An hour later, as he called a halt to the process, I was wheeled out to await his word. ‘Lay down without moving your head for two hours. You can then sit up without movement for a further hour; you can then get up and sit quietly in a chair for half-an-hour, when you can then go home.’ Of course, I only realised that I wanted to use the toilet once there was no chance of using it for three hours.

The theatre sister told me, ‘Keep that right leg perfectly straight as you move off the theatre trolley. We don’t want it to start bleeding.’ I bent it right away, instinctively, as I climbed aboard the ward trolley – much to the consternation of the theatre staff, who all turned and looked at me in horror. Blimey, we do get ’em, they must have thought.

The doctor then gave me the next scare story. ‘You need an operation on your heart valve to remove the growth. I am required to tell you that five in a hundred of those who have this operation die from it.’ Gulp! Gulp!! To bring into play the old poly statistics, that means 95 of those who have it have a successful conclusion to the operation.

As I looked around the ward, I saw how tense everybody was going in and how exhausted they were when coming back to the ward. They call it ‘patient power’, I suppose. Clearly one of the ways New Labour has empowered us.

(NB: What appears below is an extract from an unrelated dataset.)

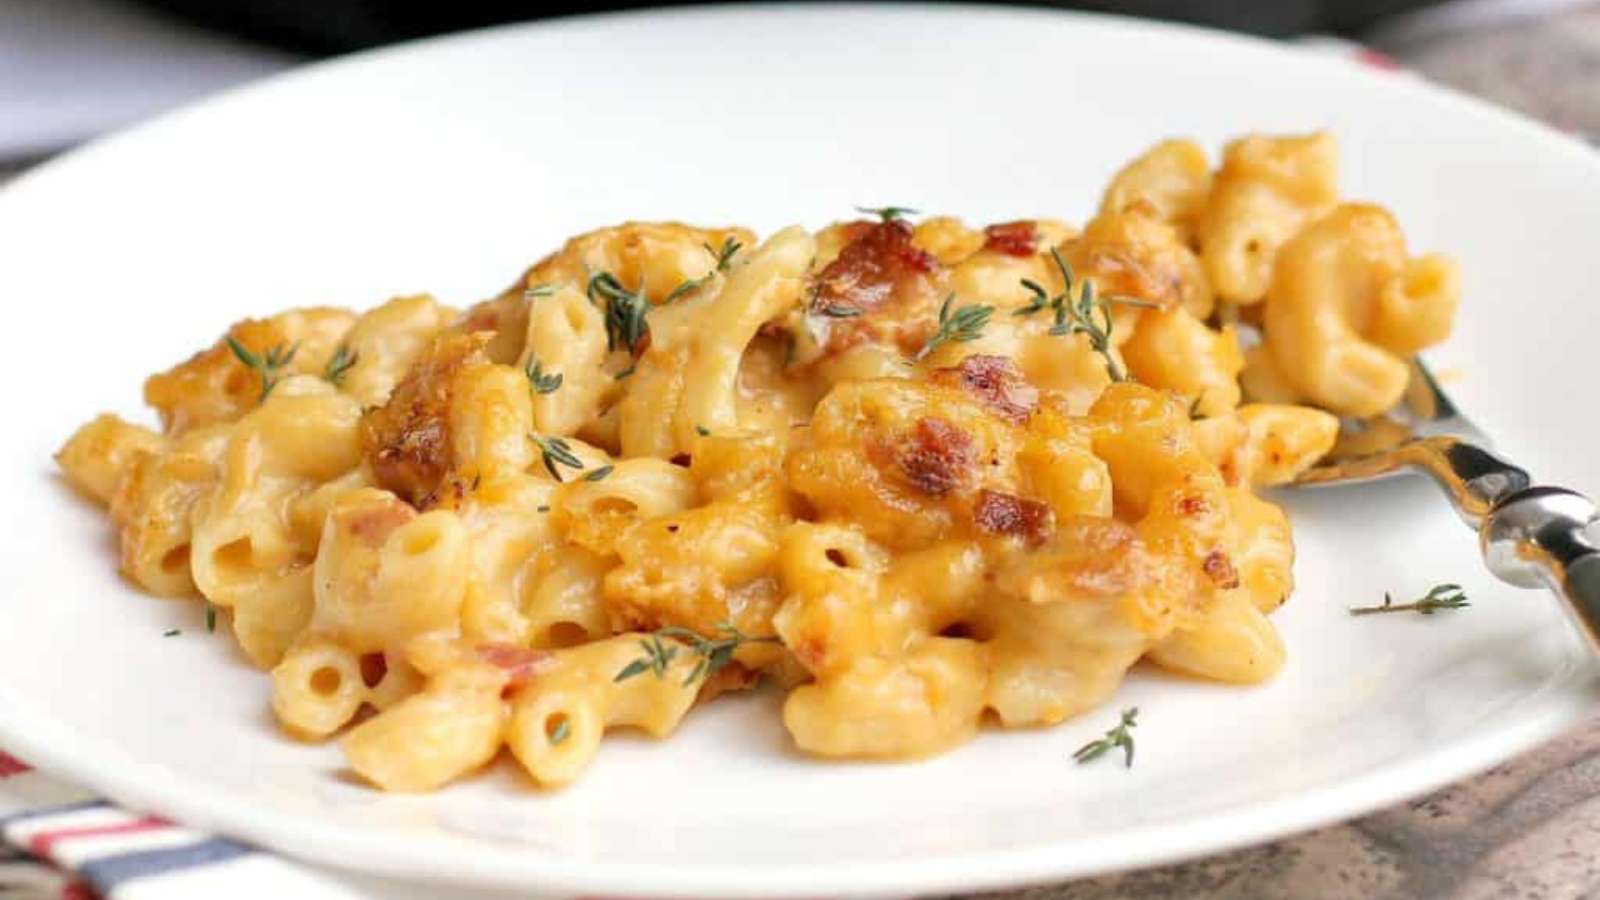 Macaroni and cheese with bacon and thyme, enhanced with the rich flavors of Guinness beer, served on a white plate.

Next it will be the train ticket office – ‘ I am required to tell you that one in X million train passengers can die from a train crash or at least be seriously injured.’ Or the grocer – ‘ I am required to warn you that one in X million buying and eating butter become obese and subject to heart attacks.’

Thanks daddy, or nanny – we know you have our best interests at heart. But we are wearing long trousers now.